OPINION: Shipwreck Renews Call for Europe to Alter Response to Refugees

A shipwreck claimed the lives of at least 34 migrants in the western Mediterranean Sea on October 2. According to Al Jazeera, the International Organization for Migration’s Joe Millman stated that “the boat was adrift since [September 30] with 60 people on board.” Millman reported that 26 people survived the shipwreck. According to Reuters, all of the migrants were from sub-Saharan Africa. Helena Maleno, an activist with the Spanish NGO Walking Borders, commented that the deaths were caused by the inaction of the authorities. Maleno stated that the migrants “were asking for help because their inflatable boat was damaged;” she argued that the Moroccan and Spanish response to trafficking networks and migrant issues is inadequate, Reuters reports.

By September 10, almost 35,000 people had migrated through Morocco to Spain, which has become the most popular pathway to Europe. This pathway to Europe has grown more traveled, and the European Union has responded by “outsourcing” its border security to Morocco, according to African Arguments.
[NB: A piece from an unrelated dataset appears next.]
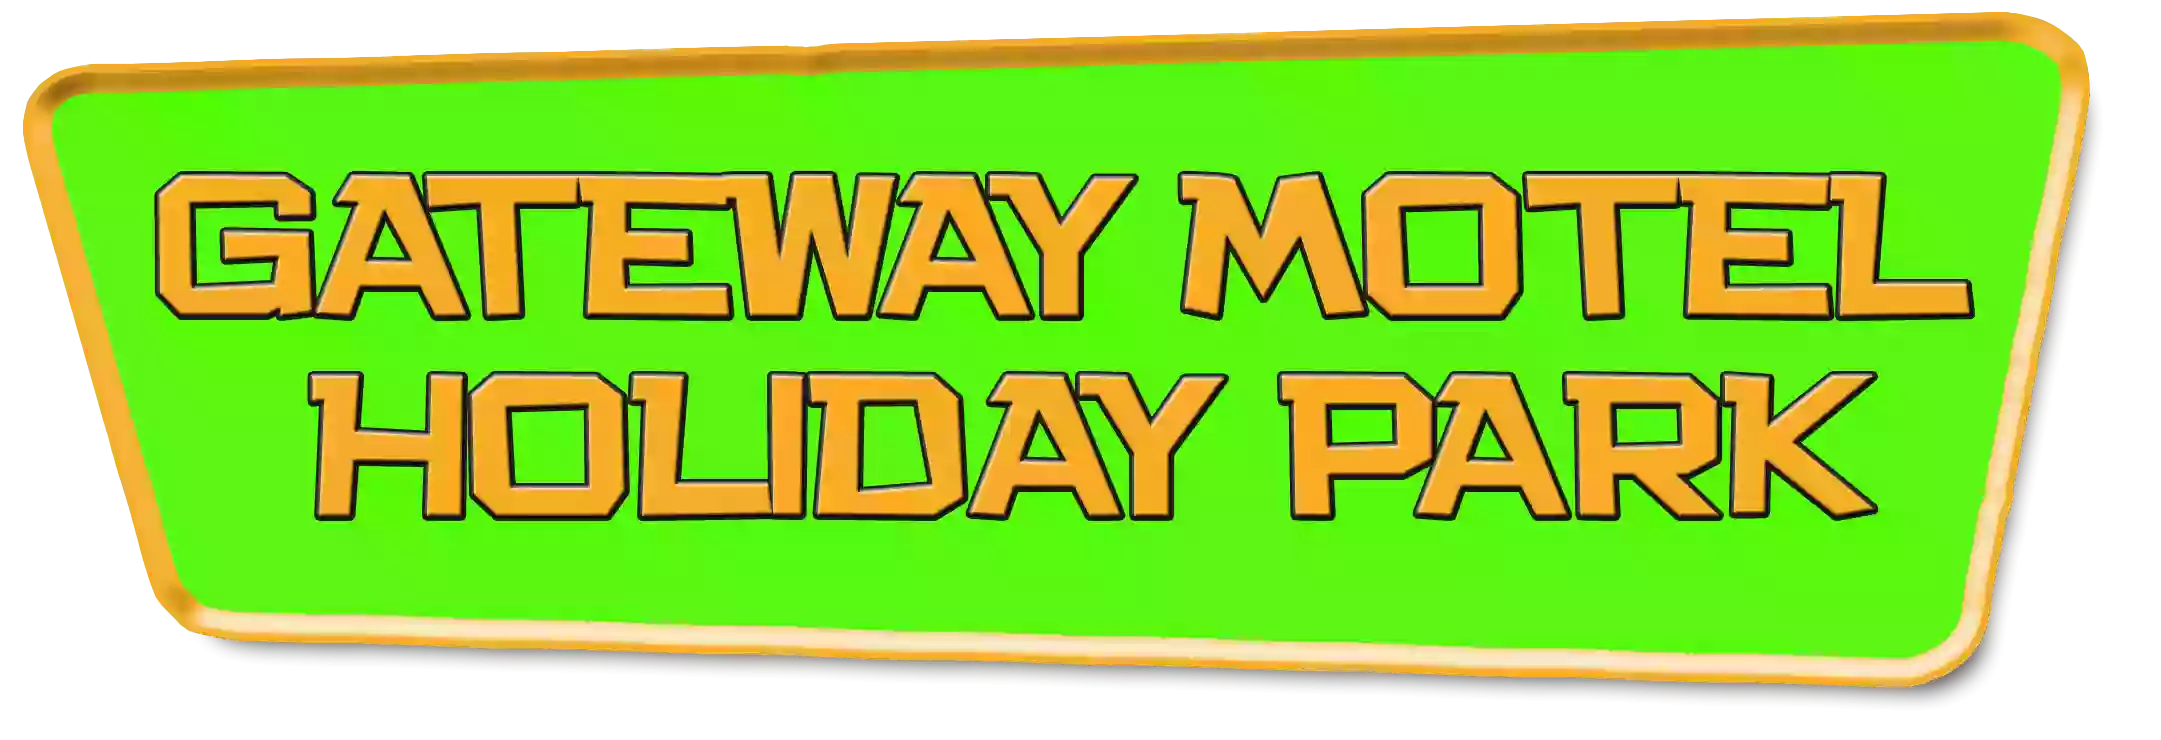 Gateway Motel & Holiday Park

According to Khadija Ainani, vice president of the Moroccan Association for Human Rights, “the EU is trying, by all means, to outsource migration management to the countries of the South and, for that, it turns a blind eye to all violations of the rights of sub-Saharan migrants in Morocco.”
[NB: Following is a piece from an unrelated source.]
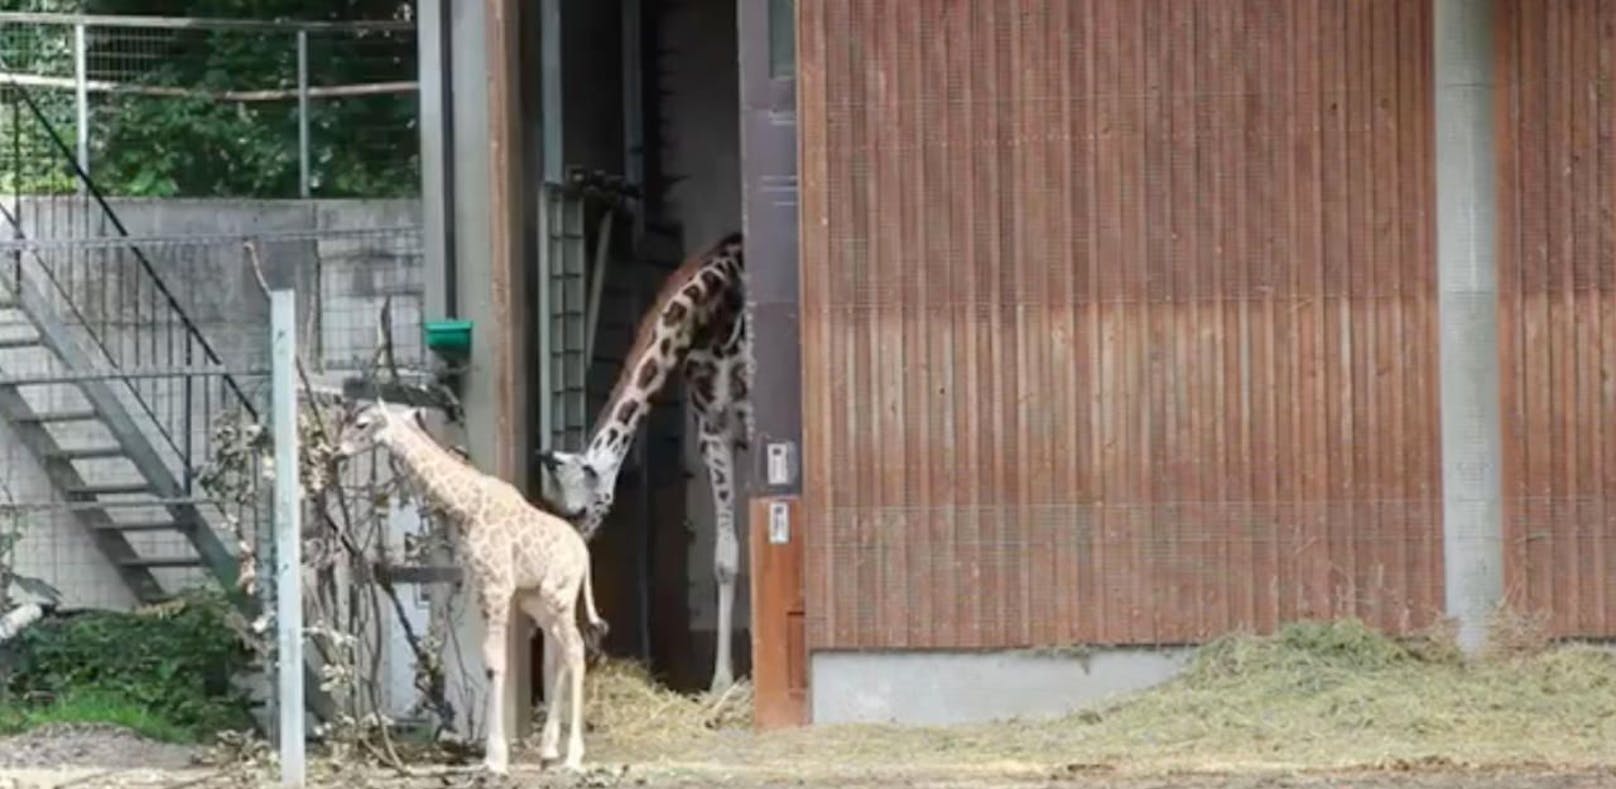 Zoo Schmiding: Erster Ausflug der Baby-Giraffe

The Washington Post reports that, even before the shipwreck, 240 people died at sea crossing to Spain, marking a 400 percent increase in deaths from 2017. The International Organization for Migration’s Anna Fonseca argues that this increase is due to the fact that asylum-seekers “are seeing that Libya is dangerous.” Migratory outflows from sub-Saharan Africa will continuously increase; governments must alter their refugee response strategies in light of this fact.

Bethania Michael

Bethania Michael is a member of the School of Foreign Service Class of 2019.